Voglio qui spiegare la situazione come la vedo io e faccio conto di spiegarla alla mia consorte A. che quando si invaghì di me, nel Paleozoico, era notoriamente di destra e le cose della sinistra, pur essendo schifata del nostro premier, le vede ancora con occhio mooolto critico. Lei è una persona molto pragmatica ed è il mio polso politico. Se dice una cosa lei vuol dire che così la pensa anche la famosa e tanto citata“casalinga di Voghera”. Dunque facciamo conto che lei mi chieda (e forse lo ha fatto):

A.:Cosa perdi tutto ‘sto tempo a leggere blog politici?

Mo2: Mi sto facendo un’opinione sul Congresso del pidì. Sai c’è in atto uno scontro…

A: Ancora uno scontro, ma non sapete fare altro voi? Non ne avete avuto abbastanza?

Mo2: Vabbè, ma adesso c’è il congresso e si stanno  confrontando Franceschini e Bersani…

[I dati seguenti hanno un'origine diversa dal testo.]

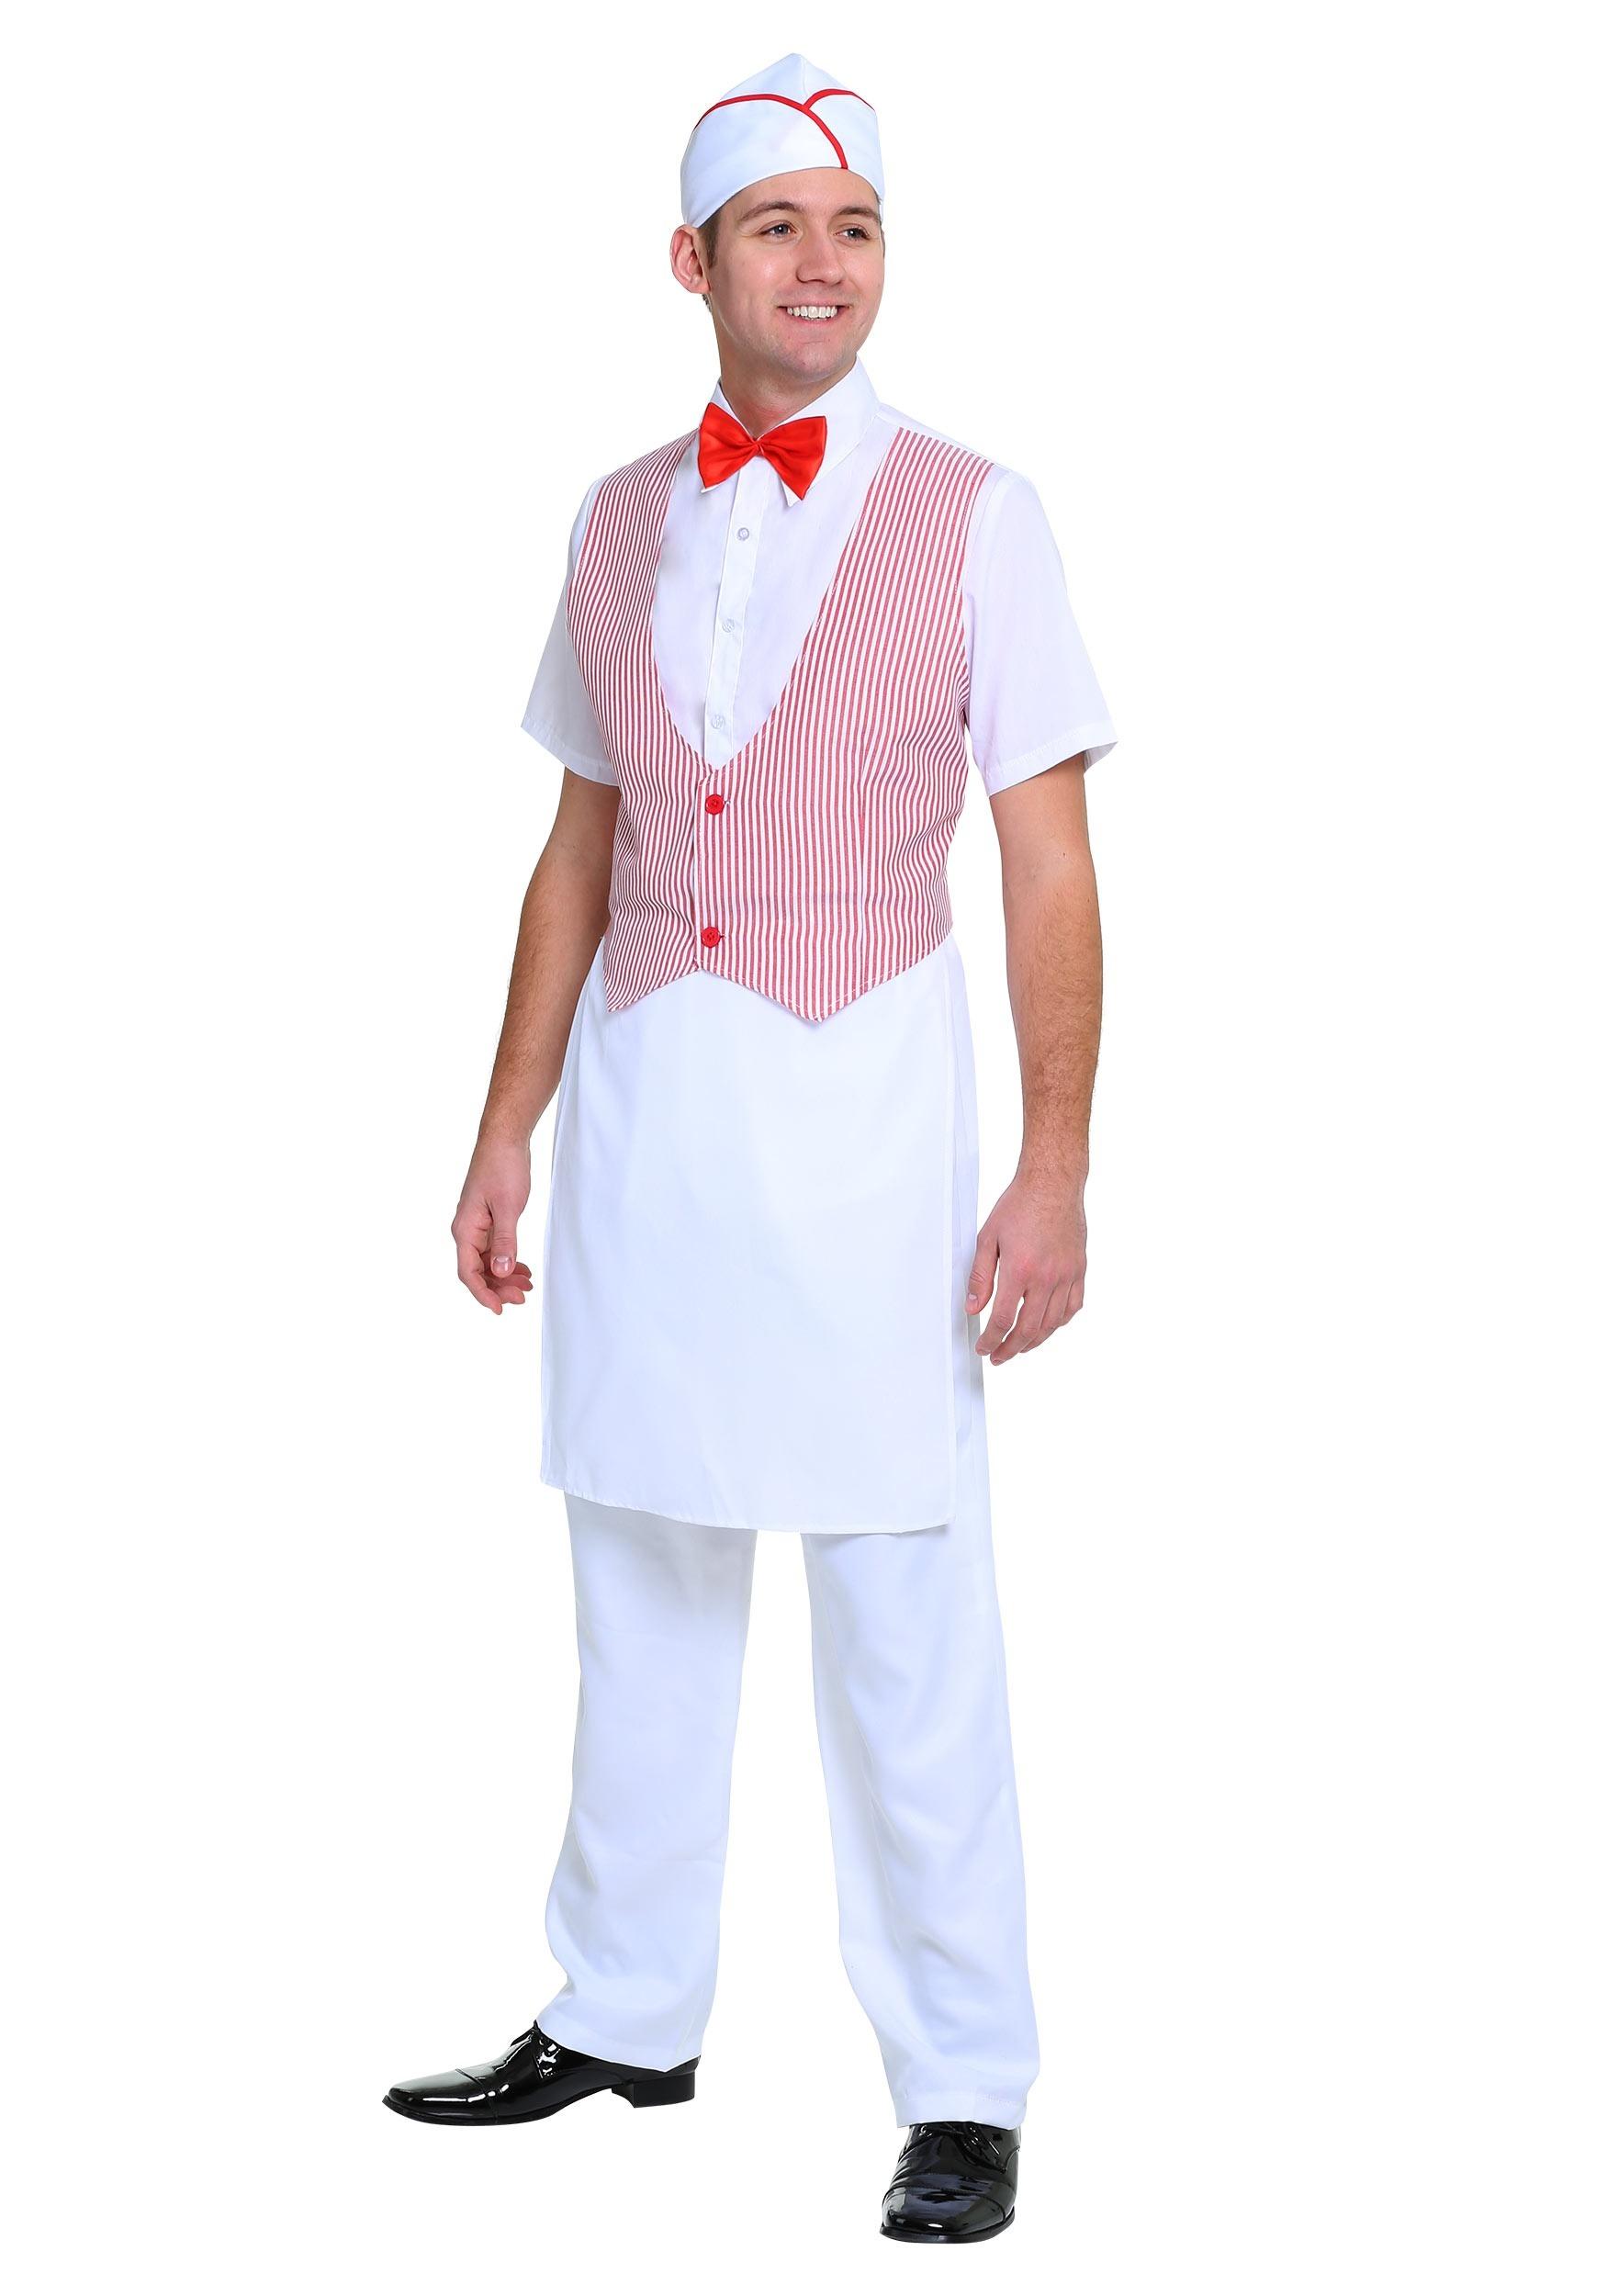 1950s Car Hop Costume for Men
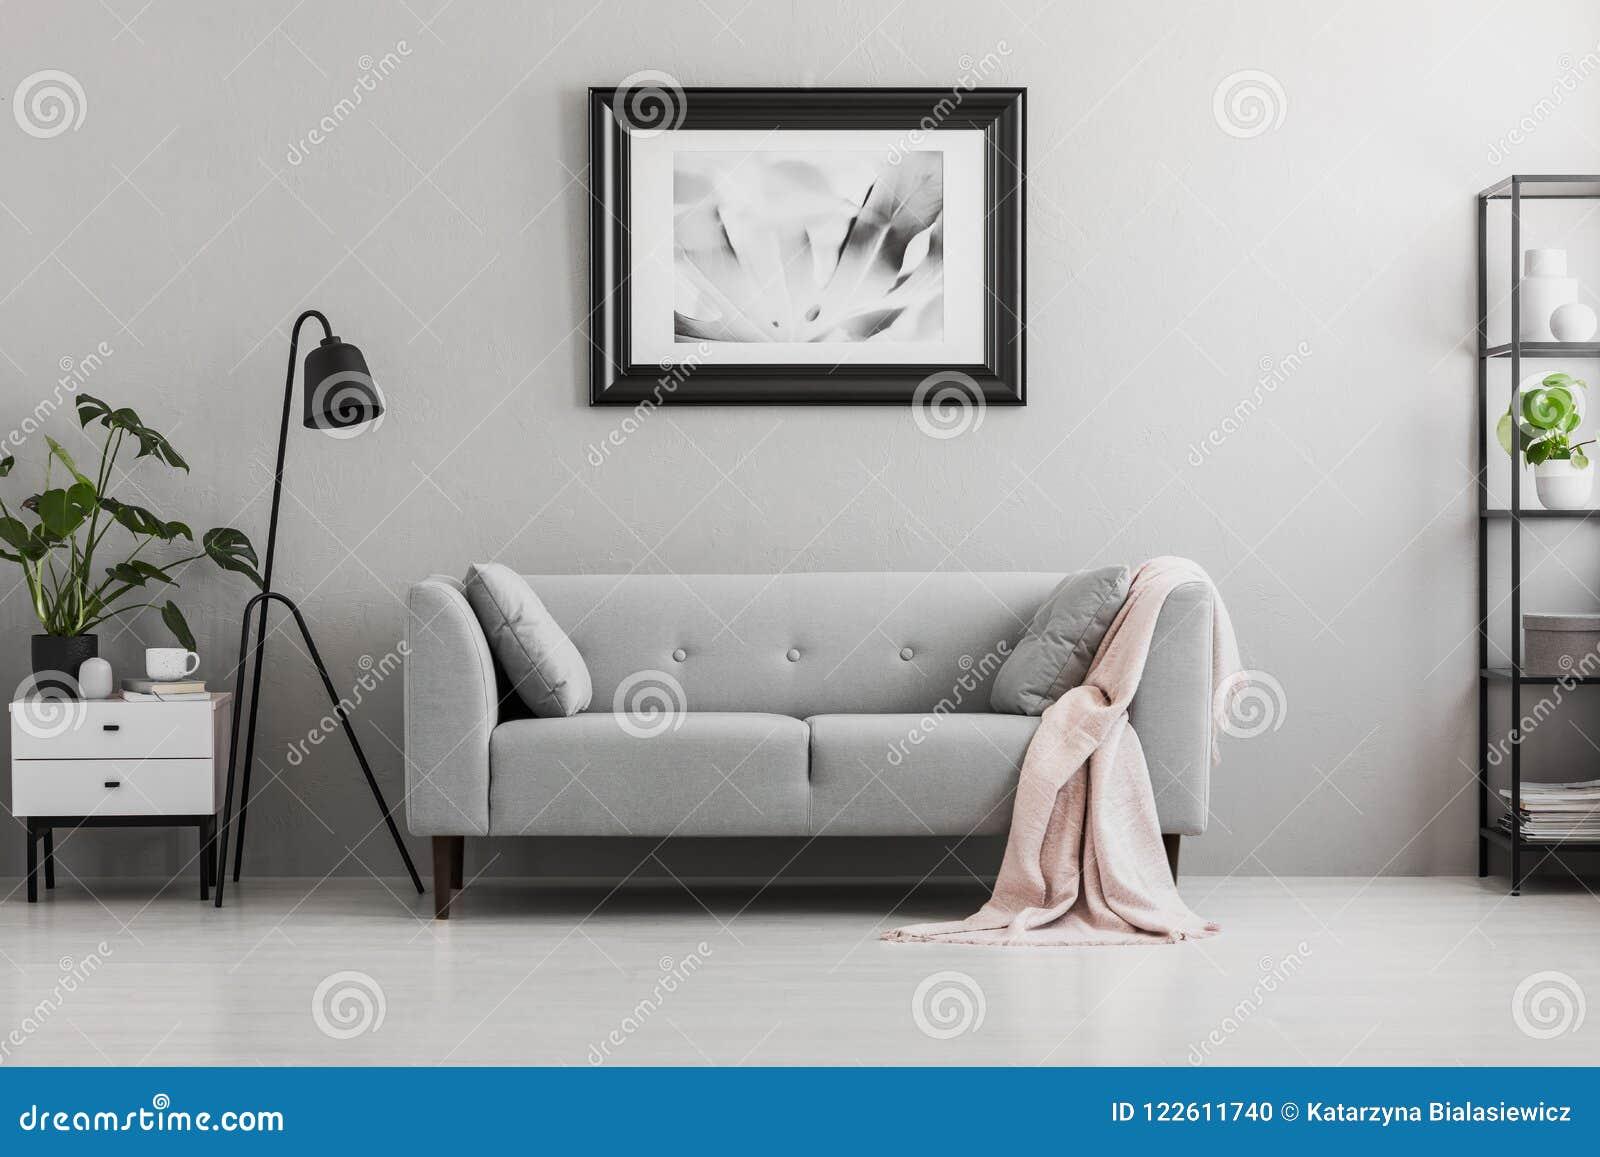 Przemysłowa czarna podłogowa lampa i różowa koc na eleganckiej kozetce z poduszkami w szarym żywym izbowym wnętrzu z miejscem dla

A: Non capisco perché dovete cambiare ancora segretario, così la gente non capisce niente.. Non vi è bastato far dimettere quel poveretto di W.Veltroni per cui tu stravedevi?? Mi sa che in quel partito ci sono le correnti peggio che nella DC…Tutto per il potere..

Mo2: Aaaalt, quale potere! Qui si cerca democraticamente di discutere sul futuro del partito e dell’Italia, non c’è nessun potere e comunque non siamo mica come quelli di là che non discutono e fanno solo quello che dice il capo…

A: E vincono le elezioni perché voi siete sempre divisi! Perché, non va bene  Franceschini? Lasciatelo lavorare!

Mo2: Il problema è proprio questo, che c’è una gran parte del partito che sta con D’Alema e Bersani ed è convinta che bisogna tornare al partito come era il PCI, vicino alla gente, ben organizzato in periferia, che si faccia forte di tutte le case del popolo e di tutti i funzionari che nelle Regioni rosse hanno anche una grande esperienza di governo.

A: Allora fate segretario D’Alema! Lui è l’unico in grado di opporsi a  Silvio, l’unico con le p…

Mo2: Non è così semplice. Guarda io sono, come tu sai, un grande estimatore di baffino, ma credo che lui si debba mettere da parte. E’ una persona che divide, ha molti detrattori e non ha i soldi di Silvio. Lui voleva il pidì, credo, per fare un partito più forte, il più grosso della sinistra, che schiacciasse i rifondaroli e annettesse i margheritiani. Ma questo giochino va bene quando non coinvolgi tanta gente e lo fai a tavolino. Invece noi “popolo delle primarie” abbiamo creduto che si dovesse fare qualcosa di VERAMENTE nuovo. O almeno lo ha creduto e ce lo ha fatto credere Walter. Un partito nuovo, con idee nuove . Non scordiamoci che Uolter fu chiamato come il Messia quando il partito era in ginocchio in mezzo alle lotte al 22%…

A: Ma, insomma, allora perché si è dimesso?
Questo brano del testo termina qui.